Whether you're paying a lawyer to prepare your will or you're creating your own online, I recommend that you prepare in advance by gathering important information that will need to be included, and giving some thought to the decisions you'll have to make. For example, you don't want to be sitting in front of your lawyer trying to decide who will care for your minor children. Time is money, especially in the legal profession. To help, here's a list of information to come prepared with:

  • A shortlist of potential executors/powers of attorney
  • A full list of the property you own ie. real estate, vehicles, insurance policies
  • A listing of bank accounts, investments, debts, including where they are located
  • Name of the guardian(s) of any minor children
  • A list of the friends and/or loved ones you will be leaving things to (beneficiaries)
  • Any final wishes regarding funeral, cremation vs. burial etc.
  • A copy of your previous will, if one exists.

What is a blank form will kit?

For many years, one of the only options for Canadians who wanted to create their own will involved filling out something called a blank form will kit. They are not designed to accommodate anything beyond the most basic estate. If you plan to transfer 100% of your possessions to your spouse, a blank form will kit might suffice. If not, you could run into problems. They are also very confusing. There is no advice component. They're a generic form with a lot of blank space, and little guidance on how to properly fill out the document. Because of this, blank form will kits can be easily challenged in court by parties who may interpret your wishes much differently than you intended.

When you should use a lawyer for your will

For most Canadians, online will kits are a perfectly viable solution for making a will. If nothing else, the convenience and affordability should remove most of the objections people have about dealing with estate matters. That said, there is no full substitute for dealing in person with a legal expert. If your estate involves anything complex ie. blended family, ownership of a corporation or foreign property, you should have your will completed by a lawyer. They will make sure there are no gaps in your estate planning, and that your wishes are fulfilled after you pass away.

What happens if I don’t write a will?

If you don't write a will, it means that you'll have no say over what happens to your estate. In fact, the government could decide how your assets are divided. It also opens up your estate to the potential for disputes between family members. Many once close-knit families have been torn apart over estate matters when everyone has their own opinion as to how things should be divided.

Having a will saves time

Even if you have a will, it will take time for your executor to settle your estate. There's a lot of paperwork involved, and regardless of the matter they are dealing with, be it real estate, banking, or dealing with the government, most will encounter plenty of red tape along the way. If there is no will, however, the process can drag out much longer, meaning that your assets could be frozen for months, or even years.

If you are without a will, it means that you have no executor to manage your estate. In this case, another person has to step forward and request something called Letters of Administration. This is similar to a Grant of Probate and gives this person the ability to access the accounts and property held in the deceased's name, and pay any taxes or debts owing, and disburse any remaining funds. This process takes time and can prevent estate assets from being distributed for a prolonged period. This could cause undue hardship for the loved ones you have left behind.

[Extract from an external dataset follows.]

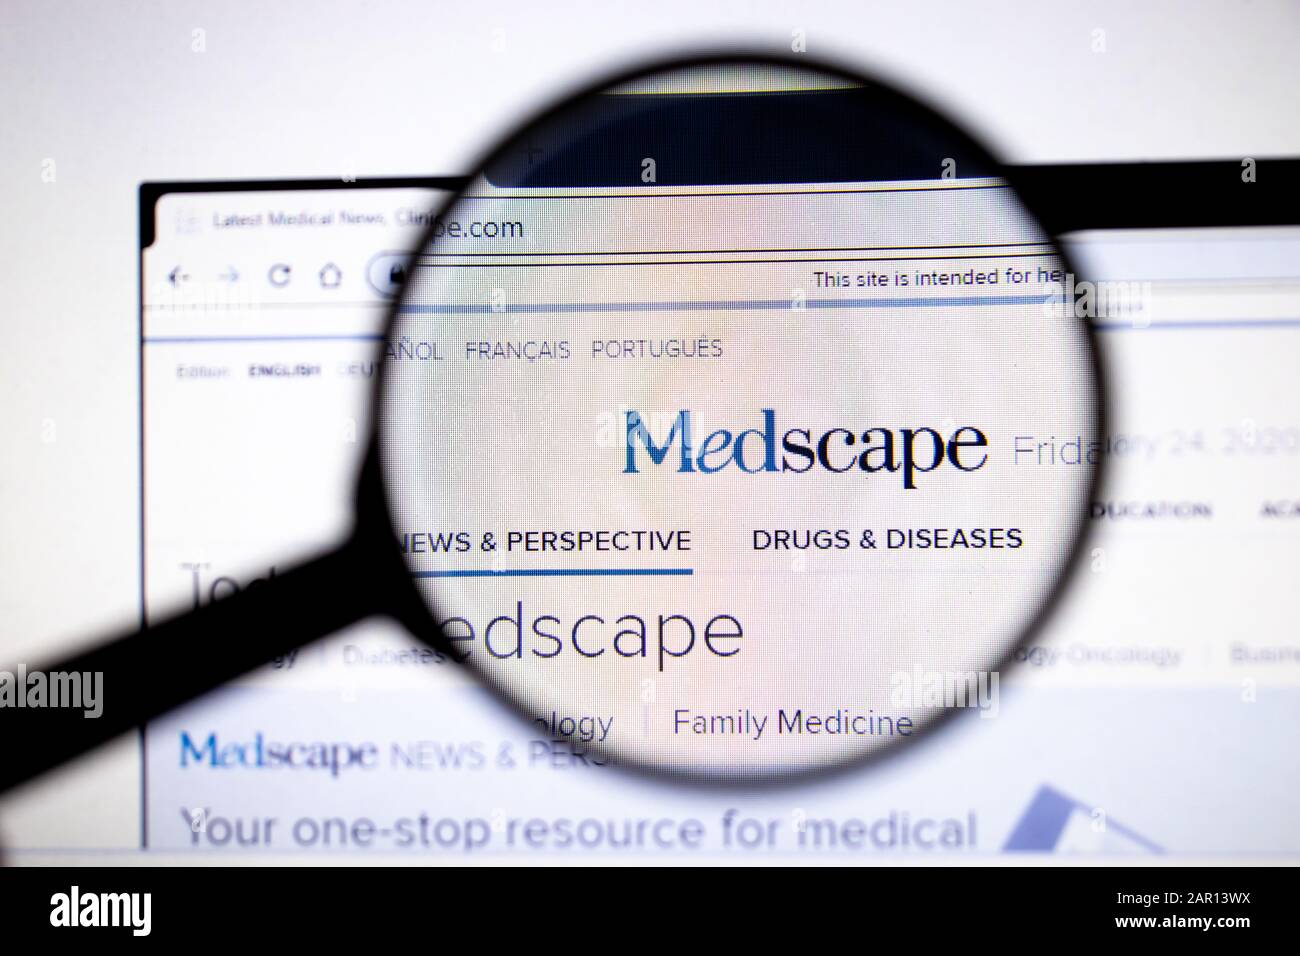 Los Angeles, Californie, États-Unis - 25 janvier 2020: Page du site Medscape. Logo Medscape.com sur l'écran, éditorial illustratif Banque D'Images

Writing a will in Canada – summary

The vast majority of adult Canadians should have a will. There's simply too much at stake to avoid this financial responsibility. It's the only way you can ensure your assets are properly distributed after you pass away. Who will be the executor of your estate if you don't assign one? Parents, who will be the guardian of your children if you're no longer around? Thankfully, wills are more affordable and accessible than ever with the advent of the online will kit, while a lawyer remains the best option for wills if a person has a complex estate. No matter which option you choose, the one piece of advice I can give is to not delay – address your estate planning needs today.